In high school I took all the science courses that I could, including anatomy & physiology, astronomy, C++ and meteorology. My anatomy & physiology teacher tried to convince me to be a brain surgeon. My astronomy teacher Mr. Thomas was wonderful, and enjoyed conversations about sector (0,0,1) and my blue hair.
Regents physics was a joy, as Mr. Pfeiffer taught me physics that was well beyond the scope of the class, partially by giving me audio CDs of the Feynman Lectures. After class we discussed current topics in physics and studied for the AP exam. I hold the record in my high school for the most AP science exams ever taken (one). The most amazing demonstration involved polarizers. A rotating linear polarizer was placed between two orthogonal linear polarizers. Without the middle polarizer, no light can be transmitted, but with it - suprise! Another ephiphany was that projectile motion can be resolved into independant vertical and horizontal motion components.
I chose to attend Stony Brook University because of its excellent physics department, many opportunities for undergraduate research, and the WISE program. I started as a physics and astronomy major, but soon decided that I wanted to be a pure physicist.
Prof. Gene Sprouse was my professor for freshman honors physics. My favorite subject was EM. I literally had difficulty sleeping after Prof. Sprouse derived c=1/√(με) because it was so exciting. It's very satisfying that I can now derive that myself. He showed us the Nuclear Structure Lab and I fell in love with the resonators. I could picture the current flowing back and forth in the arms, pulling then pushing the beam.
I became envolved in the LTC through WISE 187. My experiences here have quite literally changed my life. It started by finding Grover Swartzlander's "Peering into Darkness" paper, and now I want to study quantum phase for at least the next decade. I have travled to FiO meetings, visited other labs, listened to amazing seminars, met many brilliant physicists, and have fallen in love with physics more than I ever thought possible. I am learning what it is to live and think as a physicist, and I cannot imagine a better fate.
After Stony Brook I plan to earn a Ph. D. in quantum optics (ultracold atoms), and I will ultimately do research at a national lab or institution. I also want to write books on physics to inspire the next generation of physicists, as others have inspired me.
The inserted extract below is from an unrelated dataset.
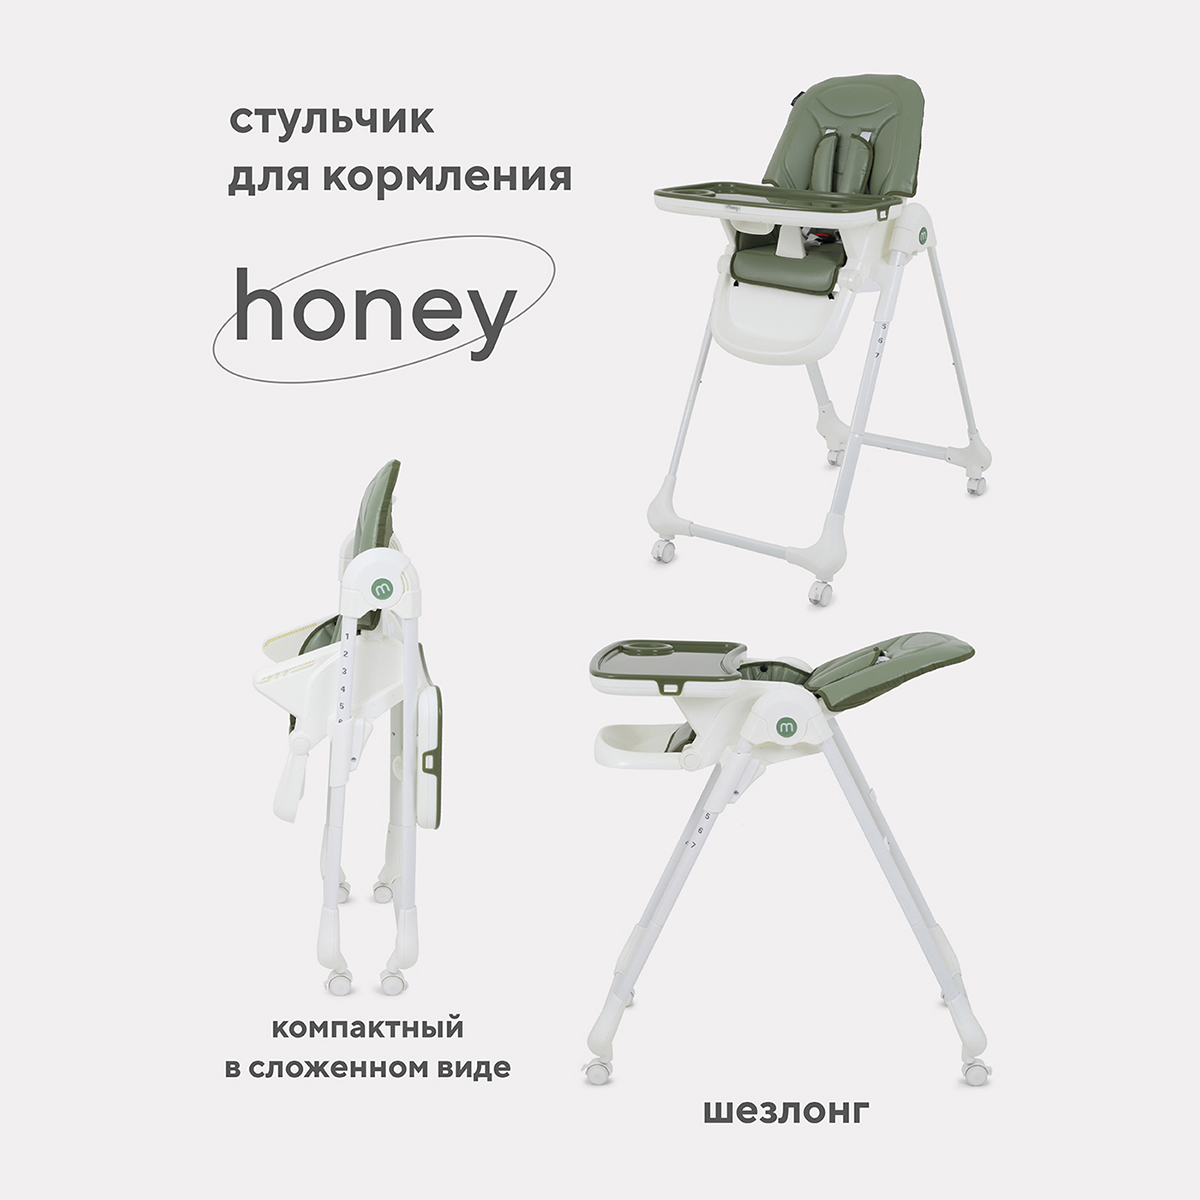 Стульчик для кормления MOWBaby HONEY от 6 месяцев RH600 green стульчик для кормления mowbaby honey green
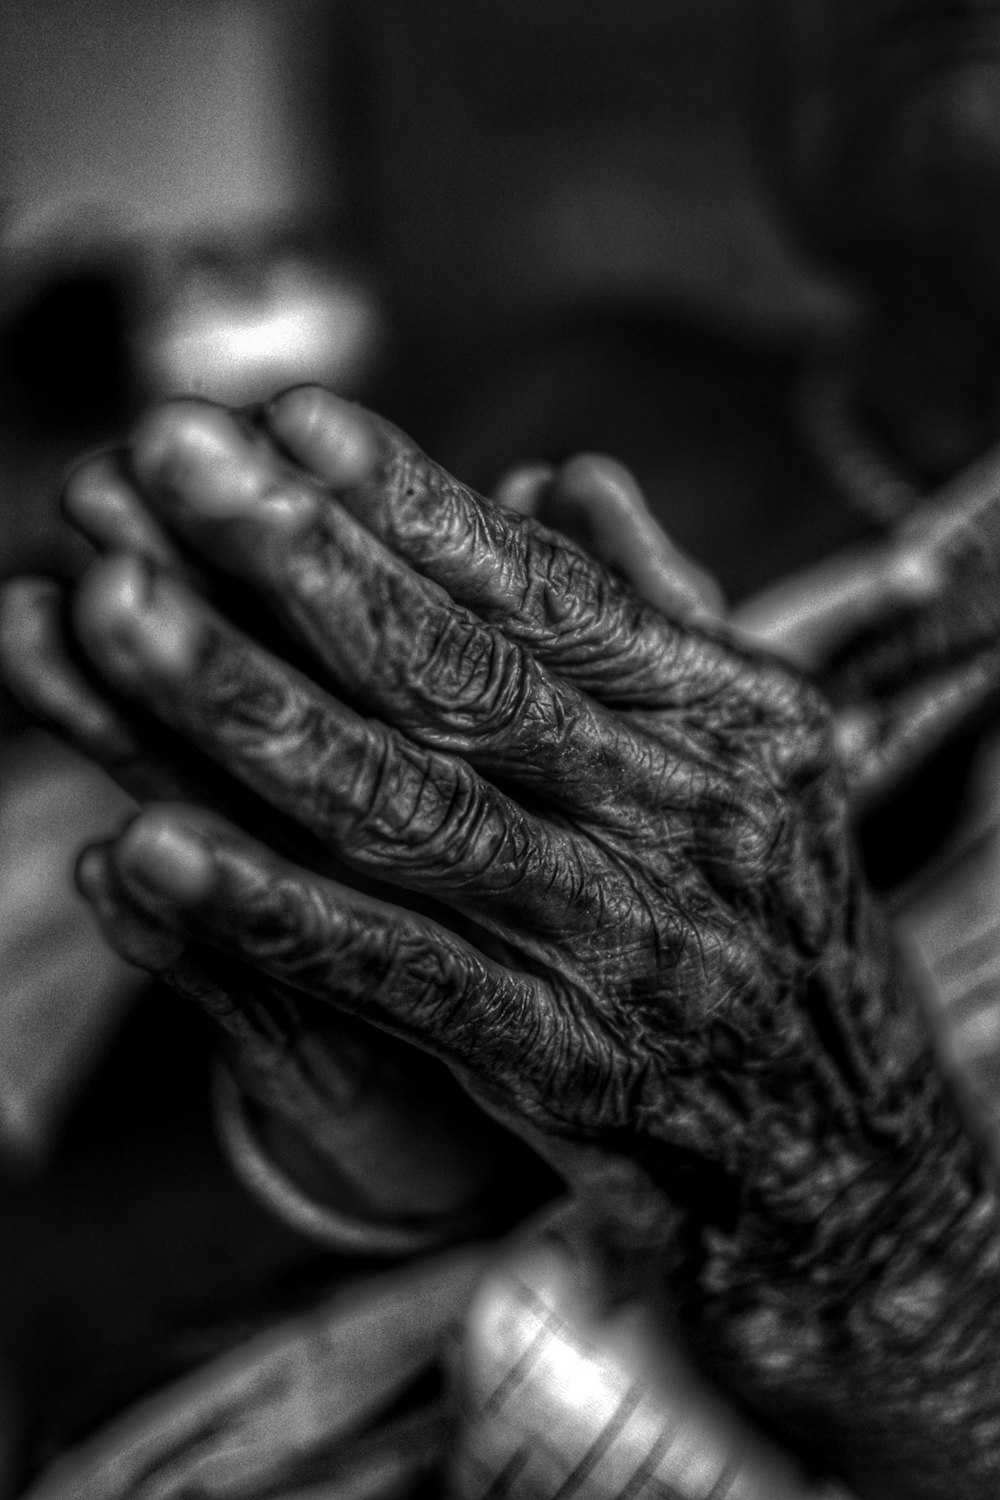 Fotografía en escala de grises de las manos de una persona

In my free time, I love to travel, hike, ski, kayak, stargaze, run, rollerblade, bike, snowboard, read (mostly physics books), browse Wikipedia and science news sites, play my clarinet, garden, and spend time with my cats, friends and little sister. I am a vegetarian because I love and respect animals and the environment. My favorite movies include The Matrix, Star Trek IV, Amelie, Totoro, 12 Monkeys, the Star Wars classic trilogy, and The Lord of the Rings trilogy (I've loved the books since I was eight). If I'm watching television, it's probably NOVA, Star Trek (my favorites are VOY, TNG, TOS, DS9, respectively), The Simpsons, Family Guy, or Seinfeld. My childhood favorite shows were Laurel & Hardy ("like two peas in a pod-d"), Rocky & Bullwinkle and Fraggle Rock. Two of my favorite books are Cat's Cradle by Vonnegut and 1984 by Orwell. I love classical music and instrumental soundtracks, but my favorite artist is Trent Reznor. I'm very Scandinavian and would love to learn Swedish or Danish (and Japanese).
I share my birthday with Leopold Kronecker.